To investigate what happens in the liver, researchers work with a monkey model. The research group uses monkey malaria parasites that closely resemble the malaria parasites that causes disease in humans. They have genetically modified these parasites in the same way as the weakened human parasites used in the experimental vaccine.

“An essential component has been removed. As a result, the parasite can still develop in the liver, but it should stop afterwards.” The idea is that the immune system is activated precisely during that liver stage, Annemarie says. “If we can see what happens in the liver in the animal model, we can more precisely determine which building blocks of the parasite are responsible for protection. Those components could then be incorporated into a new vaccine that would be much easier to use than a live attenuated parasite.”

The technique to genetically manipulate monkey malaria parasites is not new. It was developed at BPRC decades ago. “In recent years, this liver work has really accelerated. A few years ago we received funding, and we spent two years working intensively to create this specific weakened parasite.”

“First understand, then improve, and only then translate”

In a culture dish, researchers have examined how the parasite grows: does it really stop where it is supposed to stop? “In vitro you can only see so much”, Annemarie says. “At a certain point the image simply ‘disappears’. That is why we are now moving to the next stage: looking in the animal to see whether we still observe blood-stage parasites. That is exciting, because the answer determines the next step.”

“We want to investigate in a vaccination experiment whether this weakened parasite provides protection against infection with malaria parasites. We compare animals infected with the weakened parasite to a control group”, she continues. “Before you have data from that, you are easily six months further along. And if you think about the bigger goal, you are talking about years. First understand, then improve, and only then translate.”

A piece of the puzzle

There are different malaria models: humans, monkeys, rodents, and cell culture systems. Each has advantages and disadvantages. Together, all these models form pieces of the puzzle of the perfect model.
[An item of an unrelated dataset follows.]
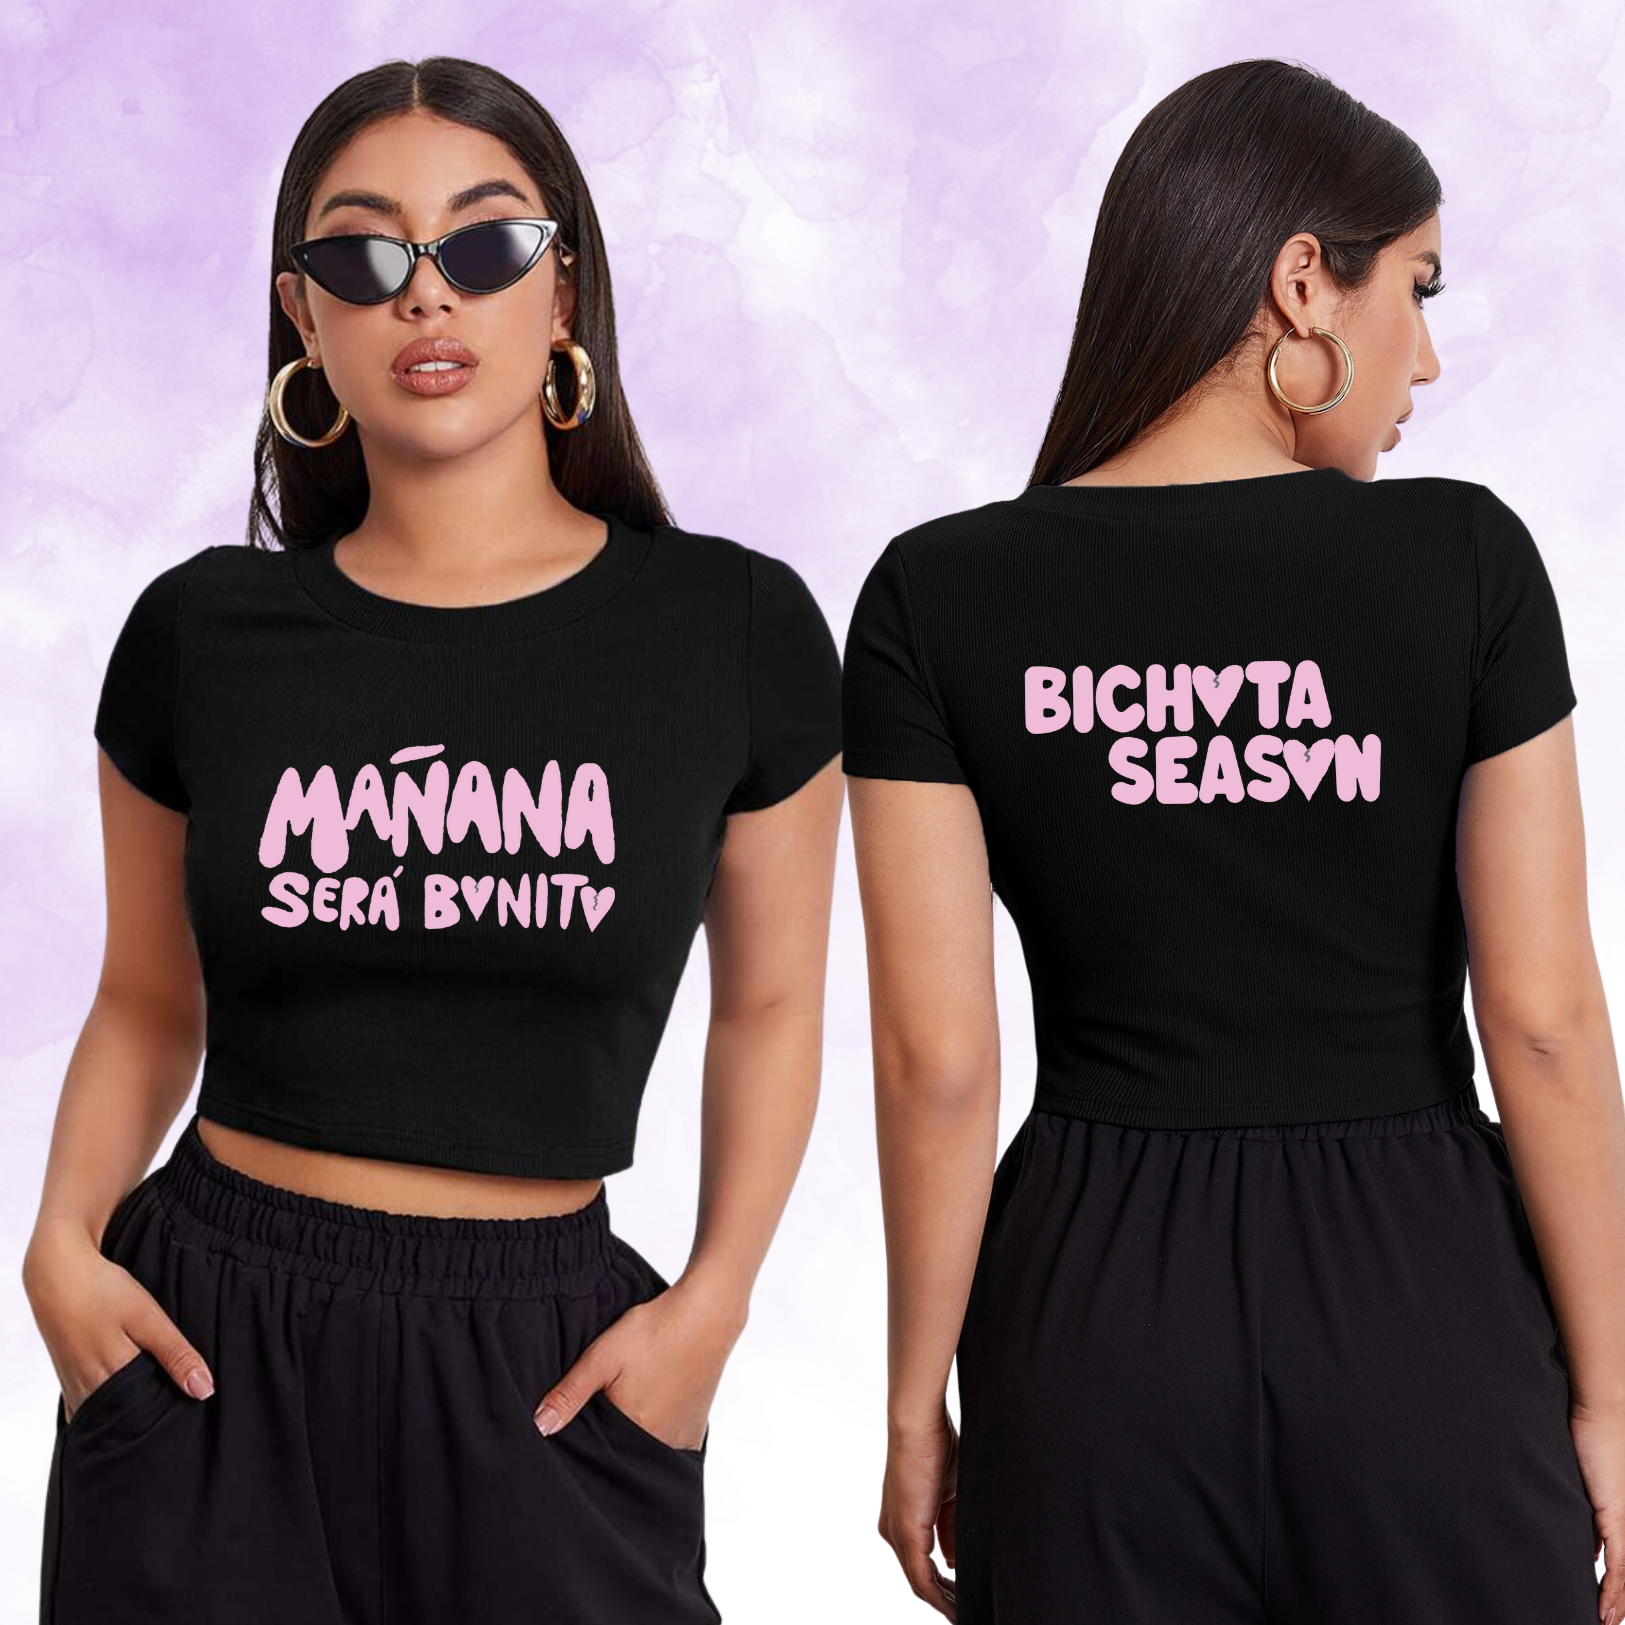 Sirenita shirts 🥰☺️ #mananaserabonito #karolg #bichota

The monkey is an important model because the physiology and immune system of monkeys closely resemble those of humans. “The parasite species in monkeys are also very similar to those in humans, or can even infect humans.”

There is something else as well: the combination of expertise. “This parasite requires exactly this mosquito species”, Annemarie says. “And you need knowledge of genetic modification of the parasite, of working with these mosquitoes, of liver cells, and of the animal model. That whole package of expertise only comes together in a few places.”

Within the malaria group, a small team works on this research, each with their own role. One colleague knows everything about the mosquitoes and is brought in at the moment they need to be fed. Another performs the genetic modification of the parasite. Someone else manages an experiment or analyses the results. At peak moments, everything revolves around that one exact moment in time.

That is why sometimes, in the middle of the night, researchers are in the lab and animal care staff are in the animal facilities. “Because progress in this field starts with planning, patience, and the courage to keep trying again. And because when it works, you are one step closer to the question that drives it all: what happens in that silent liver stage, and how can we use that knowledge to prevent malaria? So that hopefully, in the future, far fewer people will die from malaria.”